Es sabido que en la época colonial se pintaron infinidad de códices. En particular podemos hablar de un auténtico florecimiento del arte de la pintura de manuscritos entre los años treinta y los años ochenta del siglo XVI. Y nos referimos a los códices coloniales en el entendido de que no son iguales a los prehispánicos, pero rara vez hacemos un recuento de las diferencias para ver en qué cambiaron.

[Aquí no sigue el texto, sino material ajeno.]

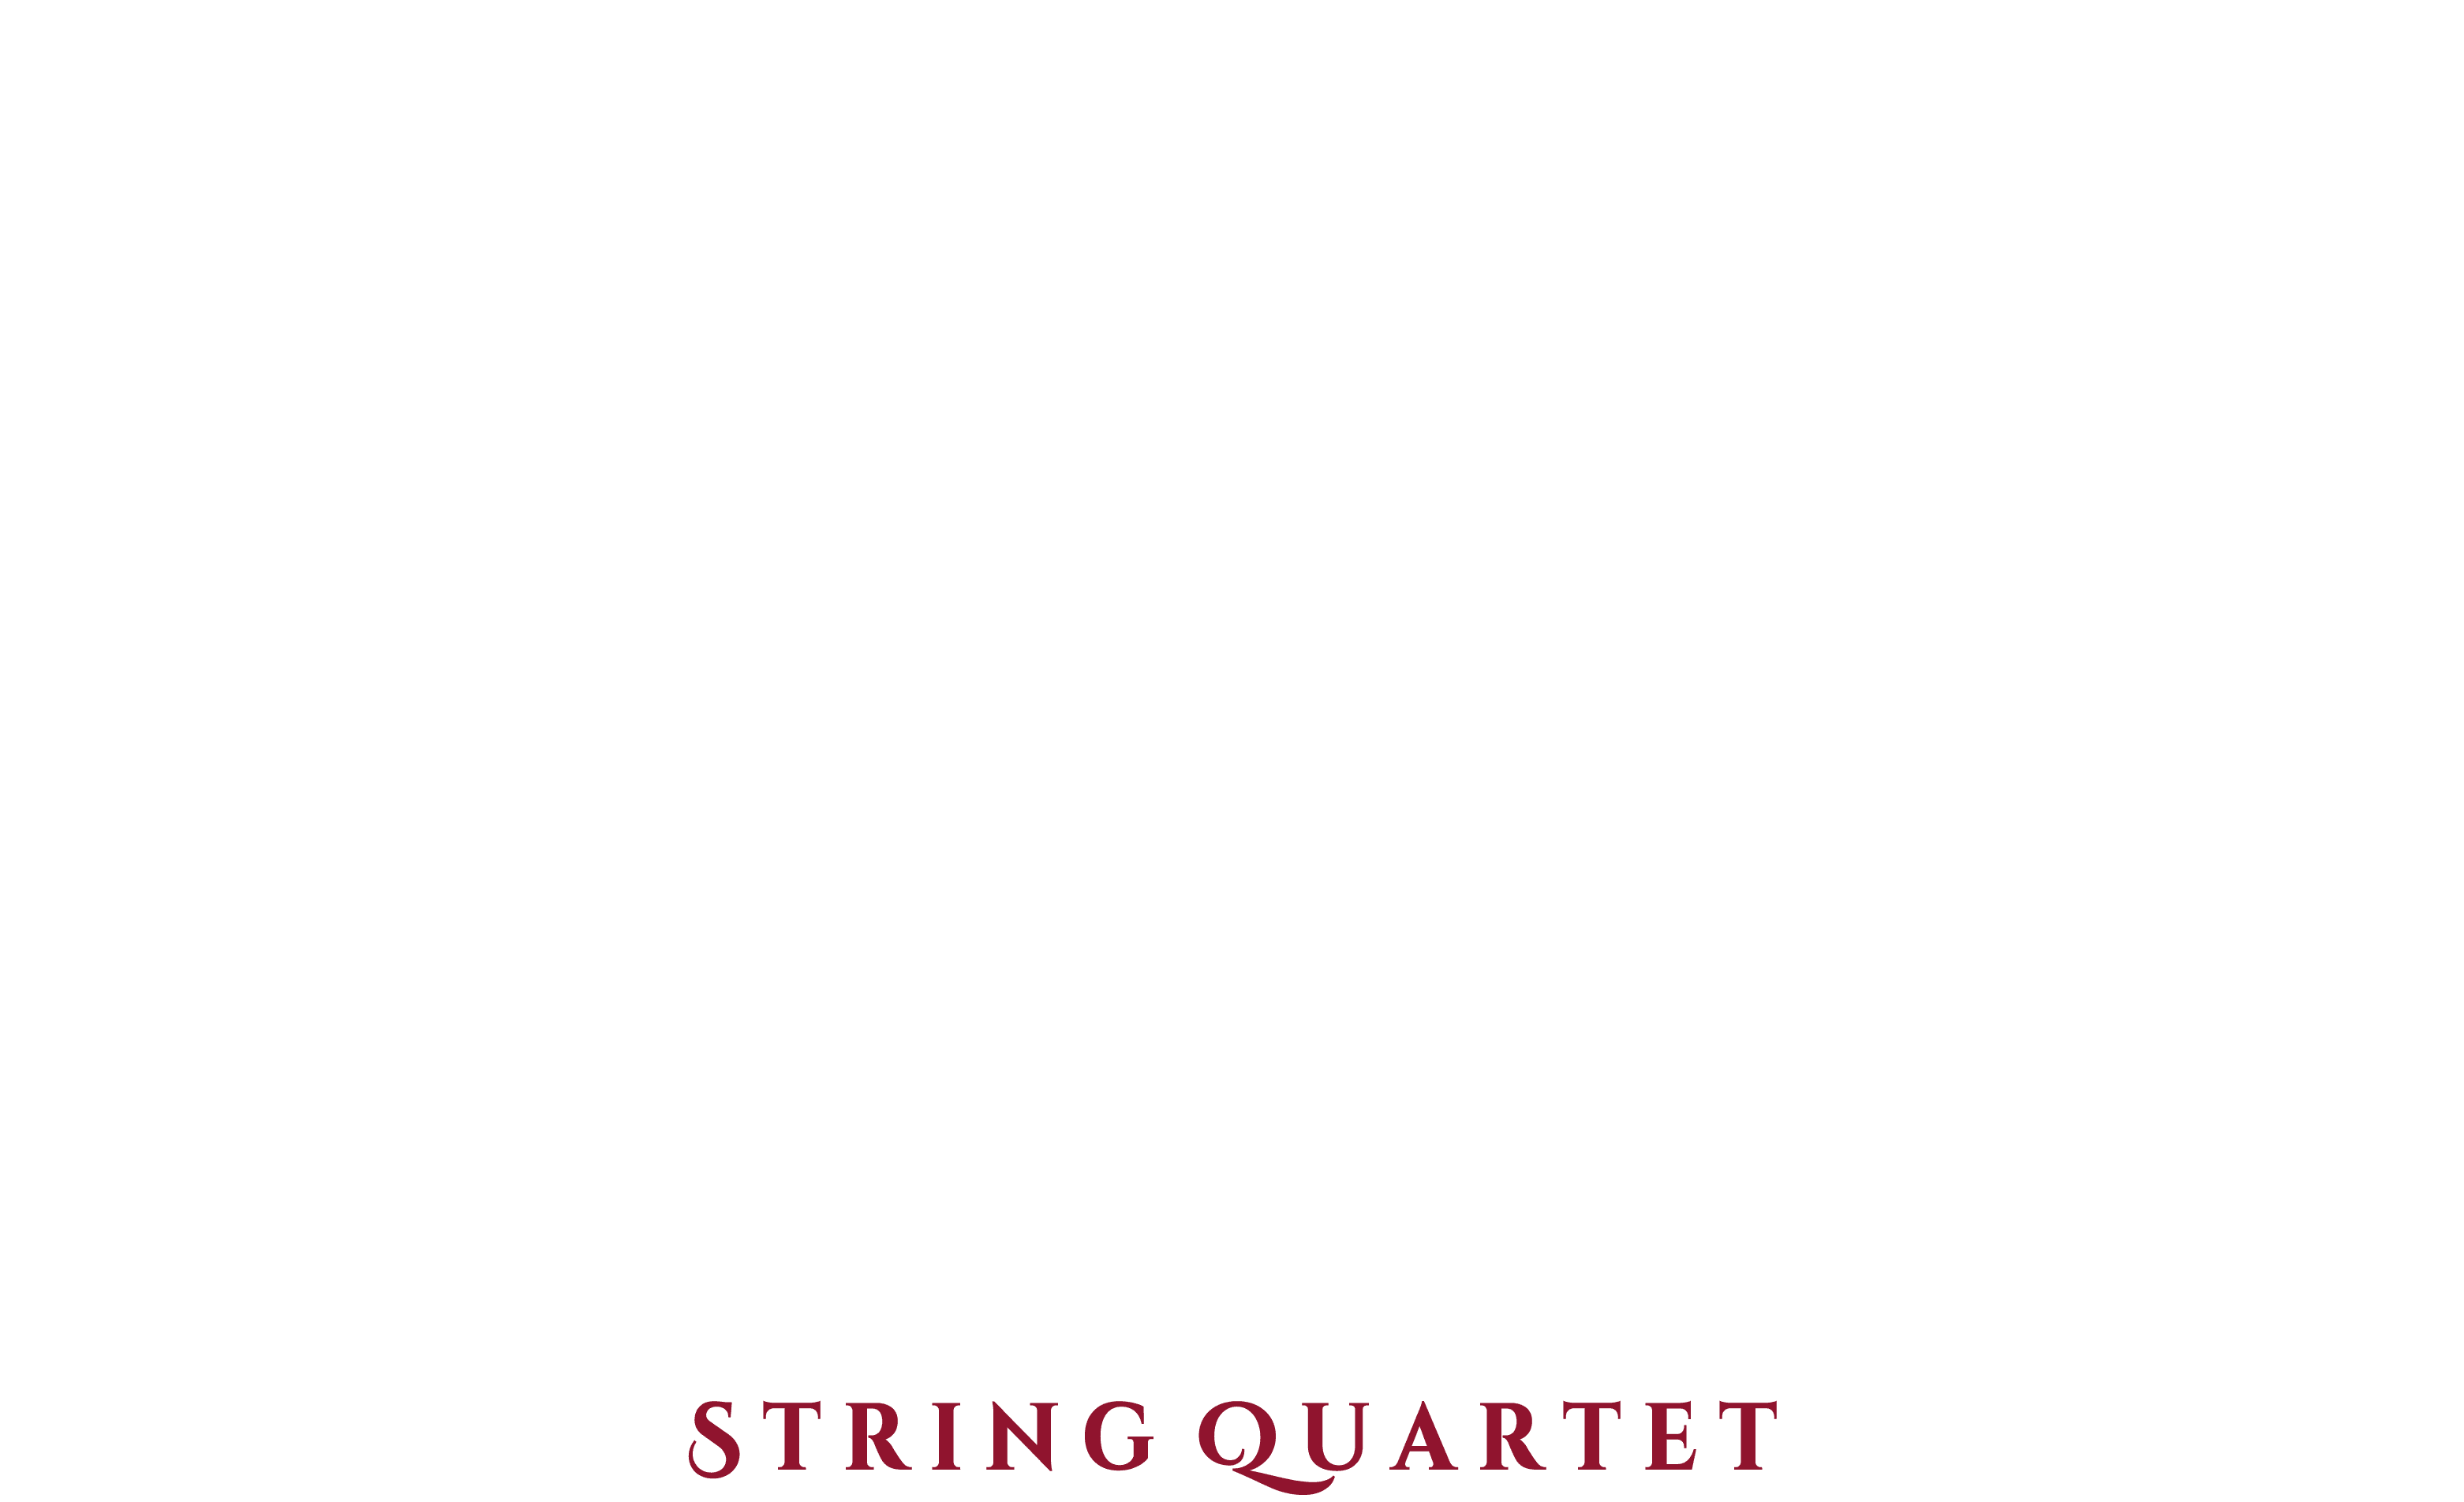 Quartetto Artemisia

Al respecto, lo más importante que hay que decir es que la profunda transformación de los códices no se explica sólo por el hecho de que fueran pintados bajo un nuevo orden político, en nuevas circunstancias sociales: los códices se transformaron dramáticamente porque quienes los utilizaban y quienes los pintaban se propusieron cambiarlos, o quizá sería más exacto decir que los españoles quisieron cambiarlos y persuadieron a los indios de hacerlo.

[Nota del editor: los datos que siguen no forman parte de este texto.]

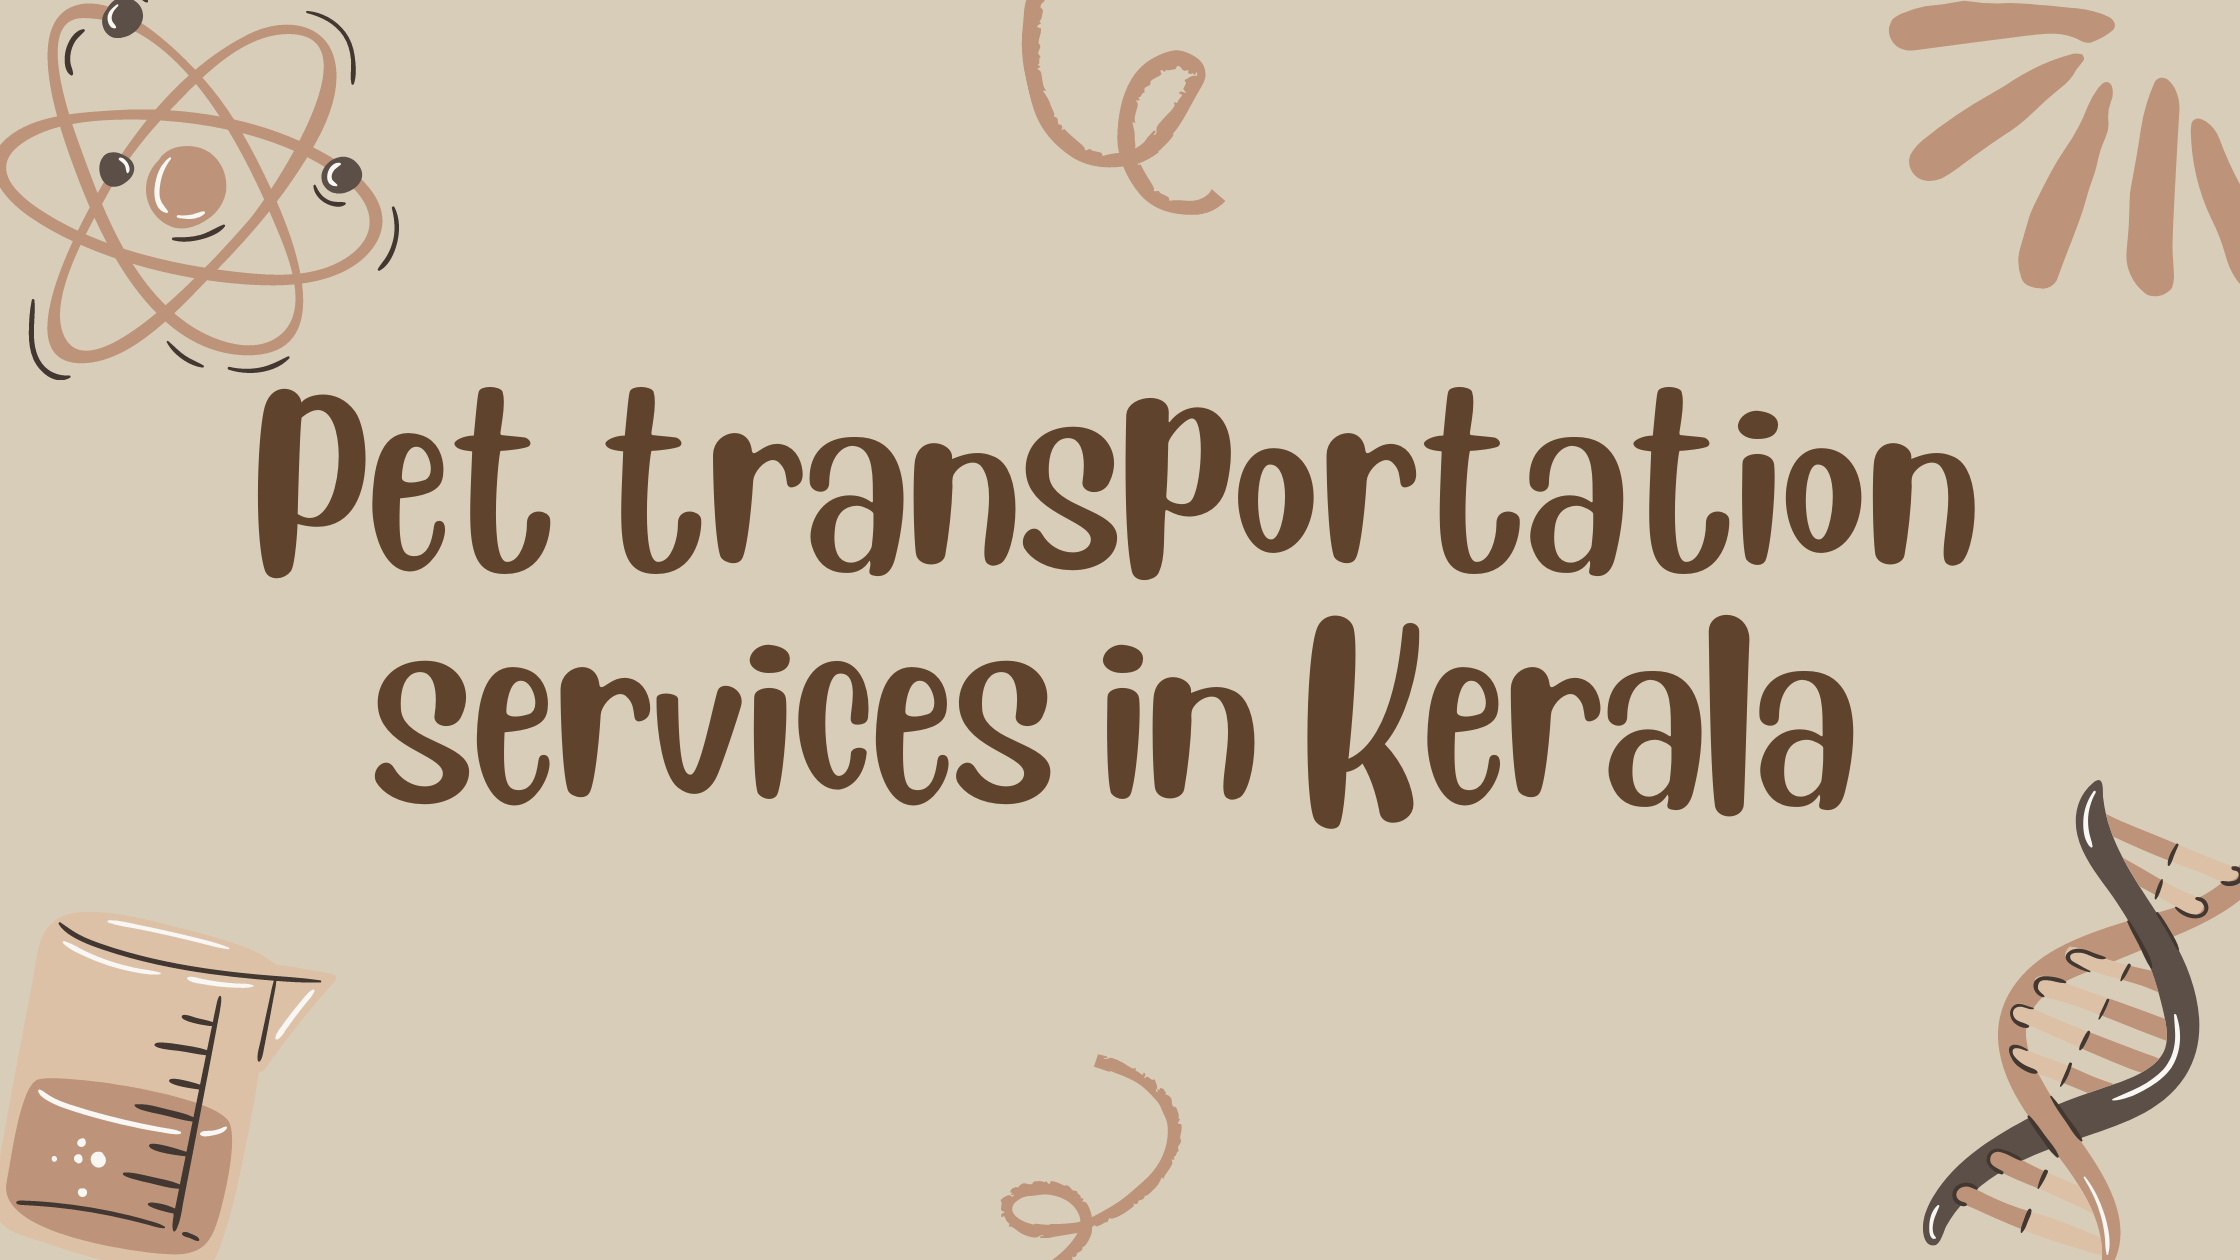 Pet transportation services in Kerala - RoadTaka

Las escuelas de artes y oficios, que formaron parte del proyecto misional desde un principio y se extendieron por toda la tierra, desempeñaron un papel central en la historia de ese gran cambio. Dichas escuelas tenían el propósito explícito de conservar los antiguos oficios practicados por los indios, pero también tenían la finalidad explícita de que los indios se “perfeccionasen” en su ejecución. Una lectura cuidadosa de las fuentes permite reconocer la pintura de manuscritos entre los oficios aprendidos en las escuelas y ayuda a entender qué tenían en mente los frailes cuando hablaban de perfeccionamiento. El canon de proporciones y, en general, la esquematización de la figura humana y otras formas naturales propias de la pictografía mesoamericana, eran vistos con desagrado por los hombres del Renacimiento.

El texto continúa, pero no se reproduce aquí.